Topping creates a hazardous tree in four ways:
- IT ROTS. Topping opens the tree up to an invasion of rotting
organisms. A tree can defend itself from rot when side branches are
removed, but it has a hard time walling off the pervasive rot to which a
topping cut subjects it. Rotted individual limbs-or the entire
tree-may fail as a result, often years later. The large stubs of a topped
tree have a difficult time healing the wound. The stubs are highly
vulnerable to insect invasion and the spores of decay fungi. If decay is
already present in the limb it will speed the spread of the disease.

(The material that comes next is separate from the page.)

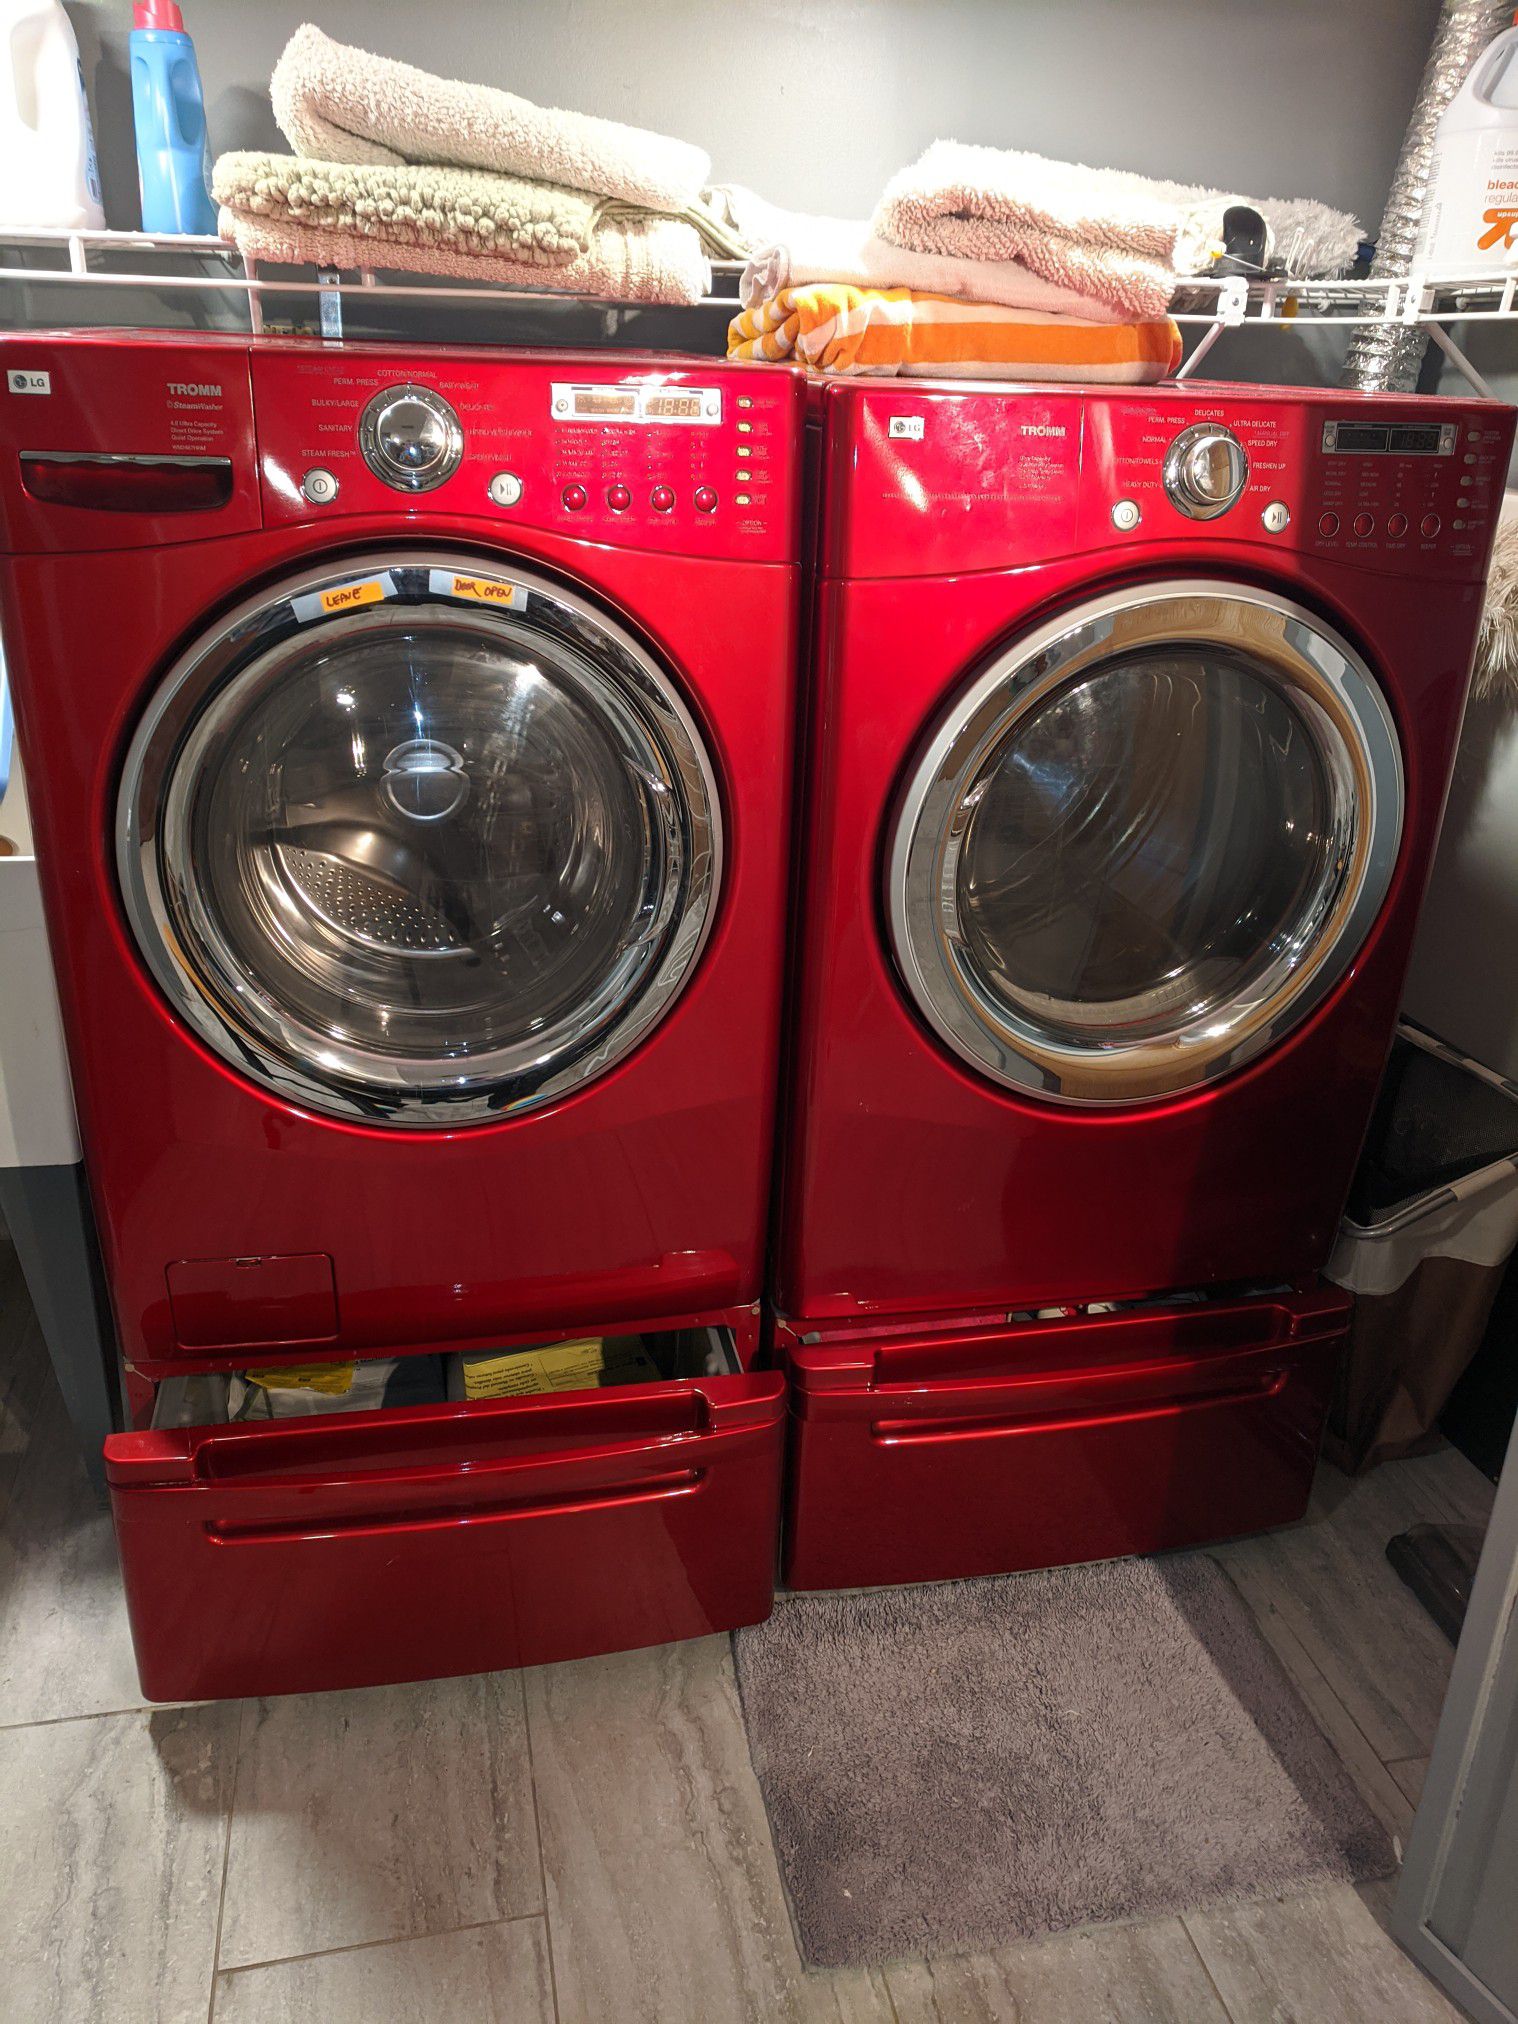 LG Tromm Steam Washer & Dryer. Top of the line

- IT STARVES. Very simply, a tree's leaves manufacture its food.
Repeated removal of the tree's leaves-its food source-literally starves the
tree. This makes it susceptible to secondary diseases such as root
rot---a common cause of failing trees. Good pruning practices rarely remove
more than 1/4 to 1/3 of the crown, which in turn does not seriously
interfere with the ability of a tree's leafy crown to manufacture food

- WEAK LIMBS. New limbs made from the sucker or shoot regrowth are
weakly attached and break easily in wind or snow storms-even many years
later when they are large and heavy. A regrown limb never has the
structural integrity of the original. The wood of a new limb that sprouts
after a larger limb is truncated is more weakly attached than a limb that
develops more normally. If rot exists or develops at the severed end of the
limb, the weight of the sprout makes a bad situation even worse.

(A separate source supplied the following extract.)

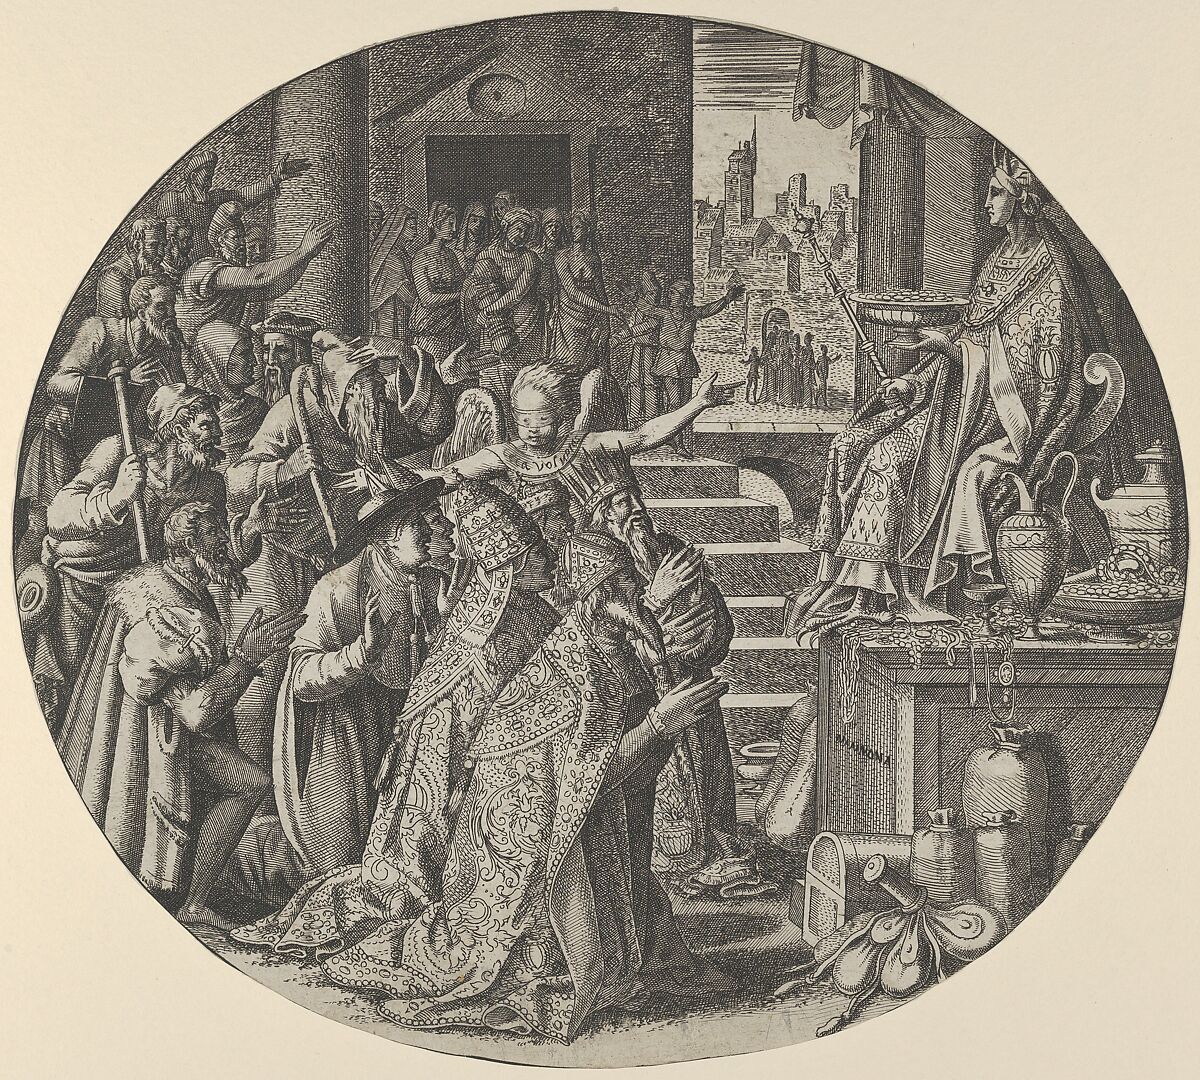 Avarice, Léon Davent (French, active 1540–56), Etching

- INCREASED WIND RESISTANCE. The thick regrowth of suckers or sprouts
resulting from topping make the tree top-heavy and more likely to catch the
wind. This increases the chance of blow-down in a storm.
Selectively-thinned trees allow the wind to pass through the branches. It's
called "taking the sail out" of a tree.
5. MAKES YOU LOOK BAD.

Topping makes you appear to be a cruel or foolish person. Your friends
know you better. But the more your neighbors come to understand topping
for what it is, the lower you will fall in their esteem. You may top a
tree to create a water view, but you should know that you have some friends and
neighbors-who probably won't say so because they are being tactful-who see a
view of a butchered tree with water in the background. However, the true costs
of topping are hidden. These include: reduced property value, the expense of
removal and replacement if the tree dies, the loss of other trees and shrubs if
they succumb to changed light conditions, the risk of liability from weakened
branches, and increased future maintenance
A tree damaged by `Topping'
 |
`Tree Surgeons ' who suggest trees be topped should be
avoided.
Topping a tree causes internal rot and will eventually result in a hazardous
tree. Topping is the indiscriminate removal of branches and stems that leaves
stubs. Often this type of pruning is done at the height of the reach of the tree
butcher's bucket truck. The alternative is to hire an arborist willing to climb.